By now, the mere sight of white health officers with their needles was enough to prompt a panic. Some whites who worked in Chinatown, like Donaldina Cameron, director of the Presbyterian Mission Home in Chinatown, attributed fear of the plague vaccine to superstition. She tried to encourage immunization, but the Chinese knew the Haffkine vaccine could sicken or even kill. A few mission girls lined up. One girl broke from the line, dashed to a second-story window, and jumped. Onlookers saw a flash of jacket and a wisp of black hair, and she disappeared. A thud sounded from below, where the girl was alive but in agony, crumpled on the sidewalk with smashed ankle-bones.12
A Presbyterian missionary of Scottish descent, Miss Cameron had one passionate calling: to rescue slave girls and prostitutes from servitude in Chinatown and convert them to Christianity. Sallying forth in her shirtwaists with leg-of-mutton sleeves, her auburn pompadour anchored by prim veiled hats, she raided vice cribs like Carry Nation with a Scots burr. The Chinese, skeptical of her meddling, called her Fan Quai, “White Devil.” To her wards she was Lo Mo, or “Old Mother.”13
One day while the quarantine was in effect, a nine-year-old girl named Ah Ching had come seeking help at the mission for her sister, who was dying of plague. Cameron shed her Victorian gown for Chinese pants, hid her russet head under an umbrella, and slipped past the quarantine lines.

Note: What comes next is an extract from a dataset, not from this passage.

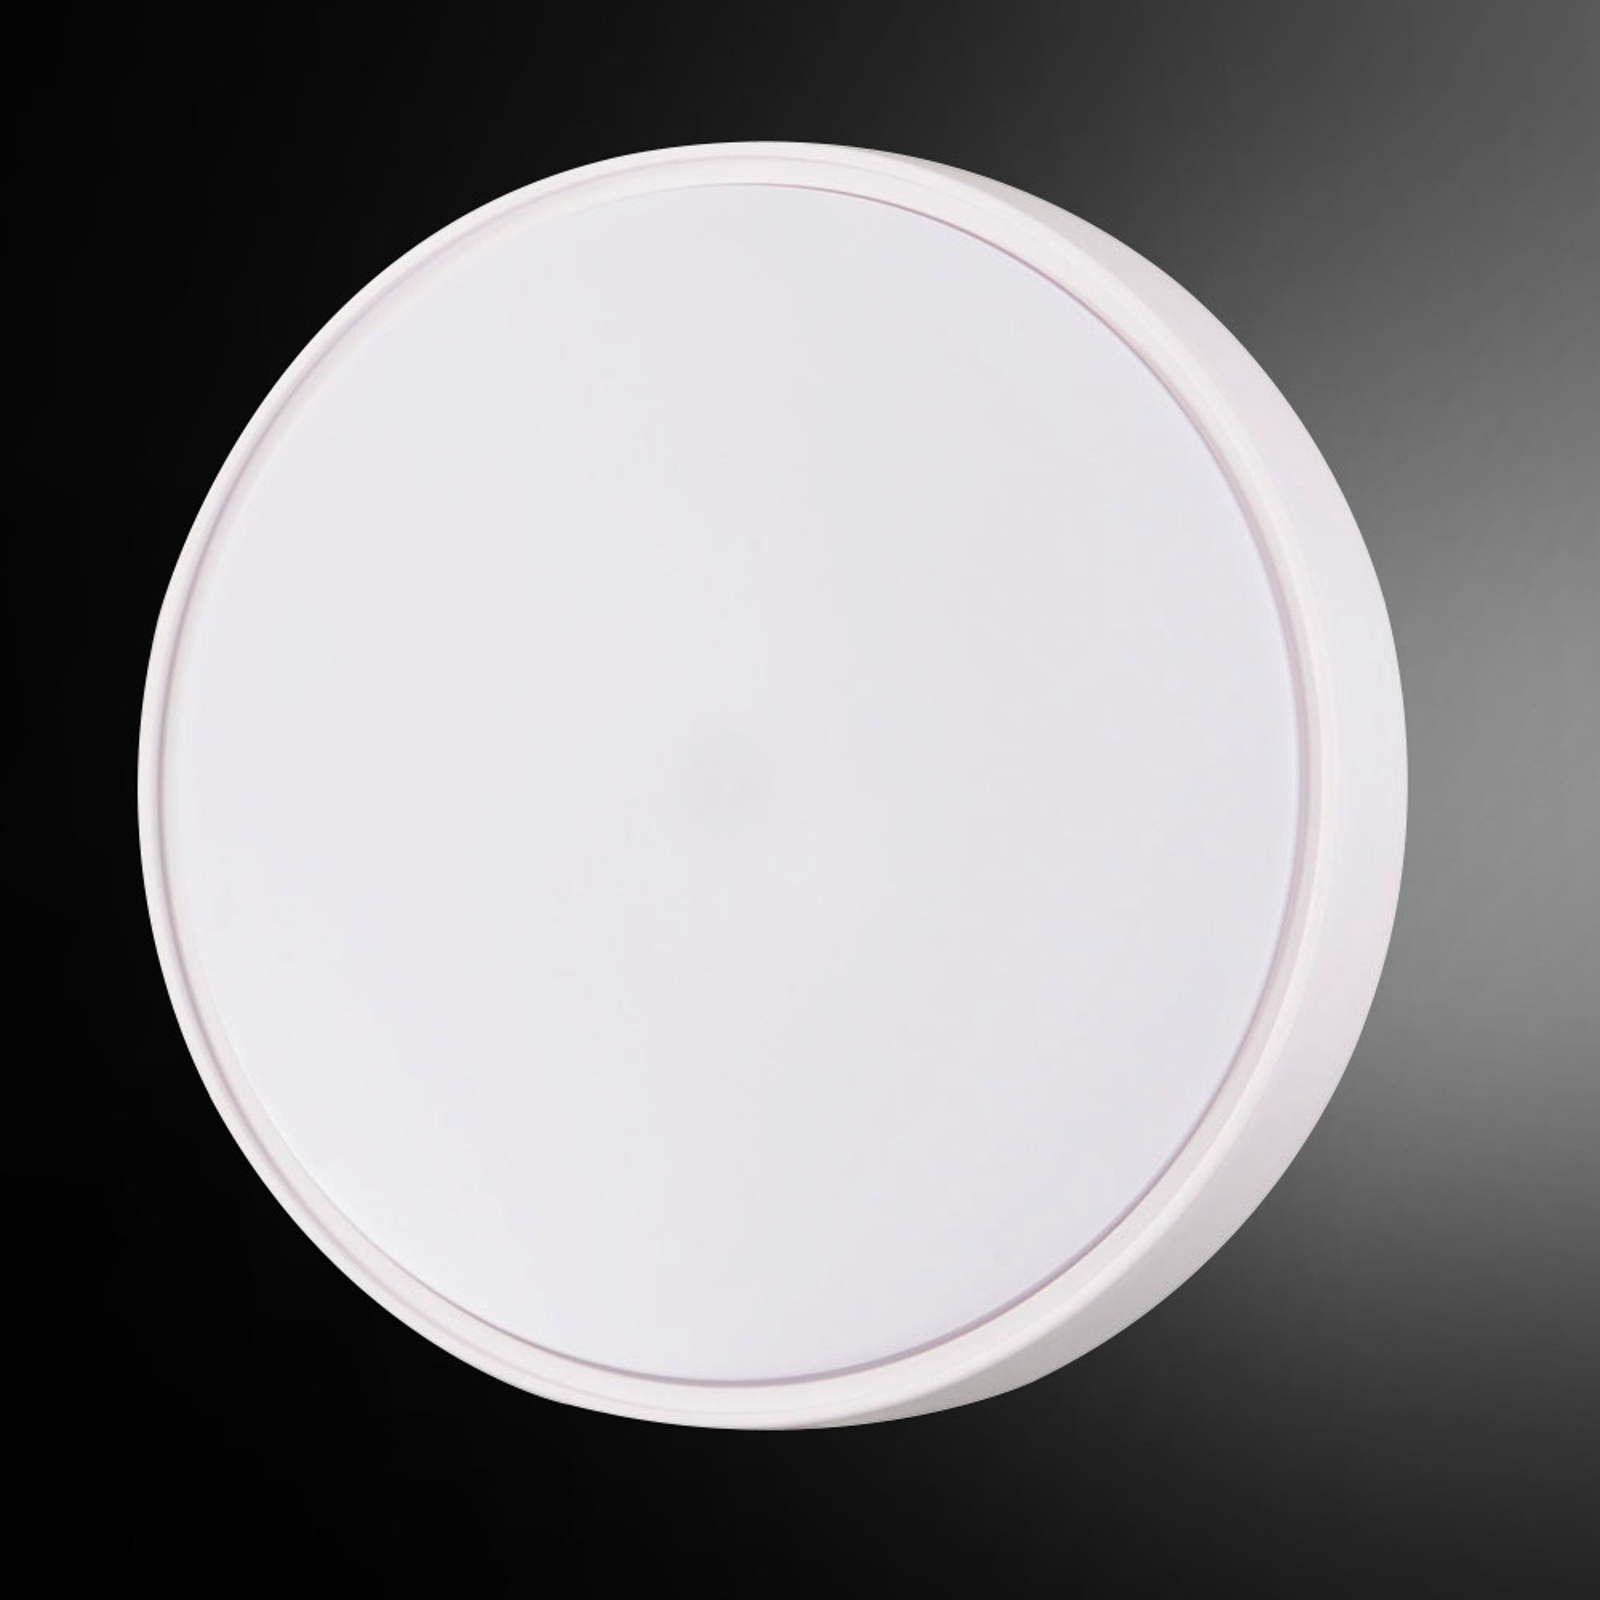 Luminoso plafón LED Hatton IP65, 30 cm

After ascending through a skylight, she hopped roof to roof and found Ah Ching’s boardinghouse. The girl was abandoned and slumped on a wooden chair out on the sidewalk. Miss Cameron carried her to the mission and summoned a doctor. In a surprising turn of events, the physician diagnosed not plague, but appendicitis. She died three hours later, victim of a burst appendix and of neglect spawned by plague phobia.14
Over Chinatown, columns of smoke rose from the bonfires of refuse that burned on Pacific Street. Plumbing was flushed with chemicals, masking the scent of cookery and crowded humanity with stinging clouds of disinfectant vapors. Mounds of white lime powder were scattered in chalky drifts against the balconied apartments, storefronts, and courtyards, so that the district looked like a Sierra village after a snowstorm. An oppressive stench hung over the district.
Downtown, the board of health met with the Chinese consul and the Chinese Six Companies, wrangling over details of the Chinatown cleanup of plague. All they could agree on was the need to clear out basements and dispose of garbage. On that, no one could disagree. The consul issued a statement urging people to clean up their homes and businesses. But autopsies and diagnoses were different.